►

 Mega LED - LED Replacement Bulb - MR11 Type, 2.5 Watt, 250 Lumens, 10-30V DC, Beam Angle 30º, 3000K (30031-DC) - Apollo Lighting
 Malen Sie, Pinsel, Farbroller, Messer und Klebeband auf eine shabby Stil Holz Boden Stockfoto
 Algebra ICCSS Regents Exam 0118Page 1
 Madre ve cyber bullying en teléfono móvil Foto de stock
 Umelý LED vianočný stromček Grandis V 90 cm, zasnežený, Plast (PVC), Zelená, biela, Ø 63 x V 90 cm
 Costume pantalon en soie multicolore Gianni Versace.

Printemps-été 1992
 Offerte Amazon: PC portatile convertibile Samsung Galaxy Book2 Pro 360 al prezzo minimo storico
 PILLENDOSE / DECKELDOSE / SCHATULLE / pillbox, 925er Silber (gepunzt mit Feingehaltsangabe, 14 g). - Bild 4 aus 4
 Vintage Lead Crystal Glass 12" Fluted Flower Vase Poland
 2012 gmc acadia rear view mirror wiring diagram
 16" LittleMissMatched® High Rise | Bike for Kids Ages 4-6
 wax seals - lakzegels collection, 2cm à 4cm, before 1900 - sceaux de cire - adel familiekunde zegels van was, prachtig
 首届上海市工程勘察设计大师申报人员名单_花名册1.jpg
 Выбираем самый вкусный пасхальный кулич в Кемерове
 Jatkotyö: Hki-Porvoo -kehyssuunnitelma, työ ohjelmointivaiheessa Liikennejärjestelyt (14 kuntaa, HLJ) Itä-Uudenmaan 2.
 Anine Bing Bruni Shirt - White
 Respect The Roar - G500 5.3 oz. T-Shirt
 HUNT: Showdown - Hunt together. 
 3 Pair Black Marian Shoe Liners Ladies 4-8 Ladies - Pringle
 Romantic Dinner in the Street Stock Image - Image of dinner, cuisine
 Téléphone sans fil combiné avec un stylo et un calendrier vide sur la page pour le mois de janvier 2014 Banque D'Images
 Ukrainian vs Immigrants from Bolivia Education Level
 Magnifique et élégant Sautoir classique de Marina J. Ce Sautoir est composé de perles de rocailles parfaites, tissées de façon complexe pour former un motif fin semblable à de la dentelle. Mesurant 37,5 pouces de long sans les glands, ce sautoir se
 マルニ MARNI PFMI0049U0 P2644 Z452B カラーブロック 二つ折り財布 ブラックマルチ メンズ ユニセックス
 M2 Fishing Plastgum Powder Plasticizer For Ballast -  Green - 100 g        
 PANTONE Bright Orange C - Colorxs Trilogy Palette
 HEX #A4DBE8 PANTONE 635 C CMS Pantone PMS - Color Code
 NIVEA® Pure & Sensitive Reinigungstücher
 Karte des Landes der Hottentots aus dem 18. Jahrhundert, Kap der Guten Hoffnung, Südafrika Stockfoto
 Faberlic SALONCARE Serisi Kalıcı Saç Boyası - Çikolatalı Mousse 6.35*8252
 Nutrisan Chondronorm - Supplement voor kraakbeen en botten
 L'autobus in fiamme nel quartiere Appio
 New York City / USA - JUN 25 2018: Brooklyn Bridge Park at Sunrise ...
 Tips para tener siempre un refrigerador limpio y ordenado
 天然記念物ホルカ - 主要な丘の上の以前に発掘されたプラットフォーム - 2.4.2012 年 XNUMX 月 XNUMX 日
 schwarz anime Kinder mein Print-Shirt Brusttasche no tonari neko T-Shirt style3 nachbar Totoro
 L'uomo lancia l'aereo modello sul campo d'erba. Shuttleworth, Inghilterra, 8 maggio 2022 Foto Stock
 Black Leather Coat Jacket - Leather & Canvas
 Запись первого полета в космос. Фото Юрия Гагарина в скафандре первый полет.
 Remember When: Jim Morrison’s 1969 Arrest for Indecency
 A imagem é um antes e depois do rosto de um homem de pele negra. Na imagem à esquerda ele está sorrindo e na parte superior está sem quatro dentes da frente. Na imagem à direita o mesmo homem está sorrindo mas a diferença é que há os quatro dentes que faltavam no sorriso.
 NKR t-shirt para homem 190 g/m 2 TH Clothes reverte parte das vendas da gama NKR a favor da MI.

◄

**Directions for this task:** Search the data above and return each line in which "parte" occurs.

**Response box:**
 A imagem é um antes e depois do rosto de um homem de pele negra. Na imagem à esquerda ele está sorrindo e na parte superior está sem quatro dentes da frente. Na imagem à direita o mesmo homem está sorrindo mas a diferença é que há os quatro dentes que faltavam no sorriso.
 NKR t-shirt para homem 190 g/m 2 TH Clothes reverte parte das vendas da gama NKR a favor da MI.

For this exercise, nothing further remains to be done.